AVAILABLE RECORDS:
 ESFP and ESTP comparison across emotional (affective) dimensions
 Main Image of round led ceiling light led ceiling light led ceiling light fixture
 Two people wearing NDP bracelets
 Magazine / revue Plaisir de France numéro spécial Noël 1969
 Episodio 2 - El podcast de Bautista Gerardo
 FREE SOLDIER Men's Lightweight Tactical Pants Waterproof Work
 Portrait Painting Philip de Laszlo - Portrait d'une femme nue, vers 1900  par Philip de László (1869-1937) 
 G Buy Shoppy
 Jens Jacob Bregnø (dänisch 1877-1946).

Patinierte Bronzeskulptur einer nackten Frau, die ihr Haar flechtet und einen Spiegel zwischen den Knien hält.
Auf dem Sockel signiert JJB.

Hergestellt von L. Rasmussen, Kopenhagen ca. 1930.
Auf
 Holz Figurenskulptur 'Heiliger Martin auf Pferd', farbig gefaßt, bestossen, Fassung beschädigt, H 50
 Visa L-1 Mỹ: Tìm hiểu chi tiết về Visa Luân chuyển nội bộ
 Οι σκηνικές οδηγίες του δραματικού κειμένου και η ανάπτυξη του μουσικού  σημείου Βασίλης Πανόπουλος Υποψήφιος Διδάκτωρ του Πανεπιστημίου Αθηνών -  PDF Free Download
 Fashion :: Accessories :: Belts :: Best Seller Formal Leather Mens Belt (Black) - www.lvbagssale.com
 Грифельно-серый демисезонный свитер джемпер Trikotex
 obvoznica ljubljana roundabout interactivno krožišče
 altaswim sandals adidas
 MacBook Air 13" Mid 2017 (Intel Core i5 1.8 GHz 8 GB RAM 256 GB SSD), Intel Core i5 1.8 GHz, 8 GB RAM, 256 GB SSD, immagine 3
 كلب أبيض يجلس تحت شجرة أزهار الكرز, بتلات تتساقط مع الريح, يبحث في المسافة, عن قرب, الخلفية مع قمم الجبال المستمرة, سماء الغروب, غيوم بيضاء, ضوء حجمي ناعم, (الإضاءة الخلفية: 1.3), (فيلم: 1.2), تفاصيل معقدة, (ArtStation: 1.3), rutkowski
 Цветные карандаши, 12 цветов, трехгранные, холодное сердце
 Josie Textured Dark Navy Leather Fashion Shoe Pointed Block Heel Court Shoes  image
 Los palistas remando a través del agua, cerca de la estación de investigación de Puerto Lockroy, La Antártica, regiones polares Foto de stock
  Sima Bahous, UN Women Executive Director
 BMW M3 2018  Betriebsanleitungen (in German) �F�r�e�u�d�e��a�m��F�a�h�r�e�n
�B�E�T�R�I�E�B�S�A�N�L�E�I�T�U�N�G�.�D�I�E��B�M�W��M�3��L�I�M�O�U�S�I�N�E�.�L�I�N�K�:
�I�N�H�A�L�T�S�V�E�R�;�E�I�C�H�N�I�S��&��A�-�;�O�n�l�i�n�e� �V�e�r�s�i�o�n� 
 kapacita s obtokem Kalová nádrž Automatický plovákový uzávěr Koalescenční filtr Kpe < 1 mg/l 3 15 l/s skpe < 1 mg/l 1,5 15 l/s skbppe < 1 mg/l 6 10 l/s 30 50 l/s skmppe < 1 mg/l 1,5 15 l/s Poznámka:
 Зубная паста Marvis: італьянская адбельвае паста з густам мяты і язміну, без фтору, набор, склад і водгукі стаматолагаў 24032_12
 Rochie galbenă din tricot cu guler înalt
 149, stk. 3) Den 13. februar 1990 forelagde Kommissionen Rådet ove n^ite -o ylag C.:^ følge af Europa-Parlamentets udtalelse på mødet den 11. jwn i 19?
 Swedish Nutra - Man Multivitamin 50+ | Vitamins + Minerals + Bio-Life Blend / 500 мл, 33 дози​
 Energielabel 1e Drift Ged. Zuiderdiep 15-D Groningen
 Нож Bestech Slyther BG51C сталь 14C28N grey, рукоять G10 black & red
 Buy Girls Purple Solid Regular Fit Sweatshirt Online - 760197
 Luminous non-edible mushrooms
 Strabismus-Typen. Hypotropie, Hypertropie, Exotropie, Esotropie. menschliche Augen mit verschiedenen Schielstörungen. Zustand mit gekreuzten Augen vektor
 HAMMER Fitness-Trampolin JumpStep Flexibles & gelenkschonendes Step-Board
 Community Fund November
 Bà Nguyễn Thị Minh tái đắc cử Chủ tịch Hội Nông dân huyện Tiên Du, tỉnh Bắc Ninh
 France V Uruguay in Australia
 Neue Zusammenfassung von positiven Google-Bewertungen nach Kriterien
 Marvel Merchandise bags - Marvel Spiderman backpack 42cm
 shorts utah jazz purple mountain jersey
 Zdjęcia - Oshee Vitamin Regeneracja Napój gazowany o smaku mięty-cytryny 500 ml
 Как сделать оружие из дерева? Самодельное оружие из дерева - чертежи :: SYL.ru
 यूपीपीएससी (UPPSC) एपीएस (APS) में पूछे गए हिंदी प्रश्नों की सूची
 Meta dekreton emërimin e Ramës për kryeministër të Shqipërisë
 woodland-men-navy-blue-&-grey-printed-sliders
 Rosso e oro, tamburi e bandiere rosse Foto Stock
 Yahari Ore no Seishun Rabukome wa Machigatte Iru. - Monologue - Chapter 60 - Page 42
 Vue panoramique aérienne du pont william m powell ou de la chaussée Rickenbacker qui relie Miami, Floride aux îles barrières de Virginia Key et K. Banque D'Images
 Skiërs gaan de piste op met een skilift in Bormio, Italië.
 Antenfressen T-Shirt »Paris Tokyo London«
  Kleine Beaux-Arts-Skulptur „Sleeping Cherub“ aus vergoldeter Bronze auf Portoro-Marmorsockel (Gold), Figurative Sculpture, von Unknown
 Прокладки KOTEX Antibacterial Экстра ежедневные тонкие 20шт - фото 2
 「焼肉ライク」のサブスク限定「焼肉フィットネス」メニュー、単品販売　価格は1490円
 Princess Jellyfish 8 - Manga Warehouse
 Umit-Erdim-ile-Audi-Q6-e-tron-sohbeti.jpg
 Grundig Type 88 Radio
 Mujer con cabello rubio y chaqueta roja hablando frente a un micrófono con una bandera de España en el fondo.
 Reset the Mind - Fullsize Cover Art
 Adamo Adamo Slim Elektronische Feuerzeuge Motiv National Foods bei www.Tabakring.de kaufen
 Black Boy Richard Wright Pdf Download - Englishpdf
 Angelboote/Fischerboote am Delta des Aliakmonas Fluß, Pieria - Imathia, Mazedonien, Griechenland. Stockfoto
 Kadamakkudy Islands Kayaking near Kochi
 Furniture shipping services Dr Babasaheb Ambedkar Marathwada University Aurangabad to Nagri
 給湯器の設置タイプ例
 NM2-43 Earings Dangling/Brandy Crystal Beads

WHAT YOU SHOULD DO:
Write out the material exactly as given.

WRITTEN RESPONSE:
 ESFP and ESTP comparison across emotional (affective) dimensions
 Main Image of round led ceiling light led ceiling light led ceiling light fixture
 Two people wearing NDP bracelets
 Magazine / revue Plaisir de France numéro spécial Noël 1969
 Episodio 2 - El podcast de Bautista Gerardo
 FREE SOLDIER Men's Lightweight Tactical Pants Waterproof Work
 Portrait Painting Philip de Laszlo - Portrait d'une femme nue, vers 1900  par Philip de László (1869-1937) 
 G Buy Shoppy
 Jens Jacob Bregnø (dänisch 1877-1946).

Patinierte Bronzeskulptur einer nackten Frau, die ihr Haar flechtet und einen Spiegel zwischen den Knien hält.
Auf dem Sockel signiert JJB.

Hergestellt von L. Rasmussen, Kopenhagen ca. 1930.
Auf
 Holz Figurenskulptur 'Heiliger Martin auf Pferd', farbig gefaßt, bestossen, Fassung beschädigt, H 50
 Visa L-1 Mỹ: Tìm hiểu chi tiết về Visa Luân chuyển nội bộ
 Οι σκηνικές οδηγίες του δραματικού κειμένου και η ανάπτυξη του μουσικού  σημείου Βασίλης Πανόπουλος Υποψήφιος Διδάκτωρ του Πανεπιστημίου Αθηνών -  PDF Free Download
 Fashion :: Accessories :: Belts :: Best Seller Formal Leather Mens Belt (Black) - www.lvbagssale.com
 Грифельно-серый демисезонный свитер джемпер Trikotex
 obvoznica ljubljana roundabout interactivno krožišče
 altaswim sandals adidas
 MacBook Air 13" Mid 2017 (Intel Core i5 1.8 GHz 8 GB RAM 256 GB SSD), Intel Core i5 1.8 GHz, 8 GB RAM, 256 GB SSD, immagine 3
 كلب أبيض يجلس تحت شجرة أزهار الكرز, بتلات تتساقط مع الريح, يبحث في المسافة, عن قرب, الخلفية مع قمم الجبال المستمرة, سماء الغروب, غيوم بيضاء, ضوء حجمي ناعم, (الإضاءة الخلفية: 1.3), (فيلم: 1.2), تفاصيل معقدة, (ArtStation: 1.3), rutkowski
 Цветные карандаши, 12 цветов, трехгранные, холодное сердце
 Josie Textured Dark Navy Leather Fashion Shoe Pointed Block Heel Court Shoes  image
 Los palistas remando a través del agua, cerca de la estación de investigación de Puerto Lockroy, La Antártica, regiones polares Foto de stock
  Sima Bahous, UN Women Executive Director
 BMW M3 2018  Betriebsanleitungen (in German) �F�r�e�u�d�e��a�m��F�a�h�r�e�n
�B�E�T�R�I�E�B�S�A�N�L�E�I�T�U�N�G�.�D�I�E��B�M�W��M�3��L�I�M�O�U�S�I�N�E�.�L�I�N�K�:
�I�N�H�A�L�T�S�V�E�R�;�E�I�C�H�N�I�S��&��A�-�;�O�n�l�i�n�e� �V�e�r�s�i�o�n� 
 kapacita s obtokem Kalová nádrž Automatický plovákový uzávěr Koalescenční filtr Kpe < 1 mg/l 3 15 l/s skpe < 1 mg/l 1,5 15 l/s skbppe < 1 mg/l 6 10 l/s 30 50 l/s skmppe < 1 mg/l 1,5 15 l/s Poznámka:
 Зубная паста Marvis: італьянская адбельвае паста з густам мяты і язміну, без фтору, набор, склад і водгукі стаматолагаў 24032_12
 Rochie galbenă din tricot cu guler înalt
 149, stk. 3) Den 13. februar 1990 forelagde Kommissionen Rådet ove n^ite -o ylag C.:^ følge af Europa-Parlamentets udtalelse på mødet den 11. jwn i 19?
 Swedish Nutra - Man Multivitamin 50+ | Vitamins + Minerals + Bio-Life Blend / 500 мл, 33 дози​
 Energielabel 1e Drift Ged. Zuiderdiep 15-D Groningen
 Нож Bestech Slyther BG51C сталь 14C28N grey, рукоять G10 black & red
 Buy Girls Purple Solid Regular Fit Sweatshirt Online - 760197
 Luminous non-edible mushrooms
 Strabismus-Typen. Hypotropie, Hypertropie, Exotropie, Esotropie. menschliche Augen mit verschiedenen Schielstörungen. Zustand mit gekreuzten Augen vektor
 HAMMER Fitness-Trampolin JumpStep Flexibles & gelenkschonendes Step-Board
 Community Fund November
 Bà Nguyễn Thị Minh tái đắc cử Chủ tịch Hội Nông dân huyện Tiên Du, tỉnh Bắc Ninh
 France V Uruguay in Australia
 Neue Zusammenfassung von positiven Google-Bewertungen nach Kriterien
 Marvel Merchandise bags - Marvel Spiderman backpack 42cm
 shorts utah jazz purple mountain jersey
 Zdjęcia - Oshee Vitamin Regeneracja Napój gazowany o smaku mięty-cytryny 500 ml
 Как сделать оружие из дерева? Самодельное оружие из дерева - чертежи :: SYL.ru
 यूपीपीएससी (UPPSC) एपीएस (APS) में पूछे गए हिंदी प्रश्नों की सूची
 Meta dekreton emërimin e Ramës për kryeministër të Shqipërisë
 woodland-men-navy-blue-&-grey-printed-sliders
 Rosso e oro, tamburi e bandiere rosse Foto Stock
 Yahari Ore no Seishun Rabukome wa Machigatte Iru. - Monologue - Chapter 60 - Page 42
 Vue panoramique aérienne du pont william m powell ou de la chaussée Rickenbacker qui relie Miami, Floride aux îles barrières de Virginia Key et K. Banque D'Images
 Skiërs gaan de piste op met een skilift in Bormio, Italië.
 Antenfressen T-Shirt »Paris Tokyo London«
  Kleine Beaux-Arts-Skulptur „Sleeping Cherub“ aus vergoldeter Bronze auf Portoro-Marmorsockel (Gold), Figurative Sculpture, von Unknown
 Прокладки KOTEX Antibacterial Экстра ежедневные тонкие 20шт - фото 2
 「焼肉ライク」のサブスク限定「焼肉フィットネス」メニュー、単品販売　価格は1490円
 Princess Jellyfish 8 - Manga Warehouse
 Umit-Erdim-ile-Audi-Q6-e-tron-sohbeti.jpg
 Grundig Type 88 Radio
 Mujer con cabello rubio y chaqueta roja hablando frente a un micrófono con una bandera de España en el fondo.
 Reset the Mind - Fullsize Cover Art
 Adamo Adamo Slim Elektronische Feuerzeuge Motiv National Foods bei www.Tabakring.de kaufen
 Black Boy Richard Wright Pdf Download - Englishpdf
 Angelboote/Fischerboote am Delta des Aliakmonas Fluß, Pieria - Imathia, Mazedonien, Griechenland. Stockfoto
 Kadamakkudy Islands Kayaking near Kochi
 Furniture shipping services Dr Babasaheb Ambedkar Marathwada University Aurangabad to Nagri
 給湯器の設置タイプ例
 NM2-43 Earings Dangling/Brandy Crystal Beads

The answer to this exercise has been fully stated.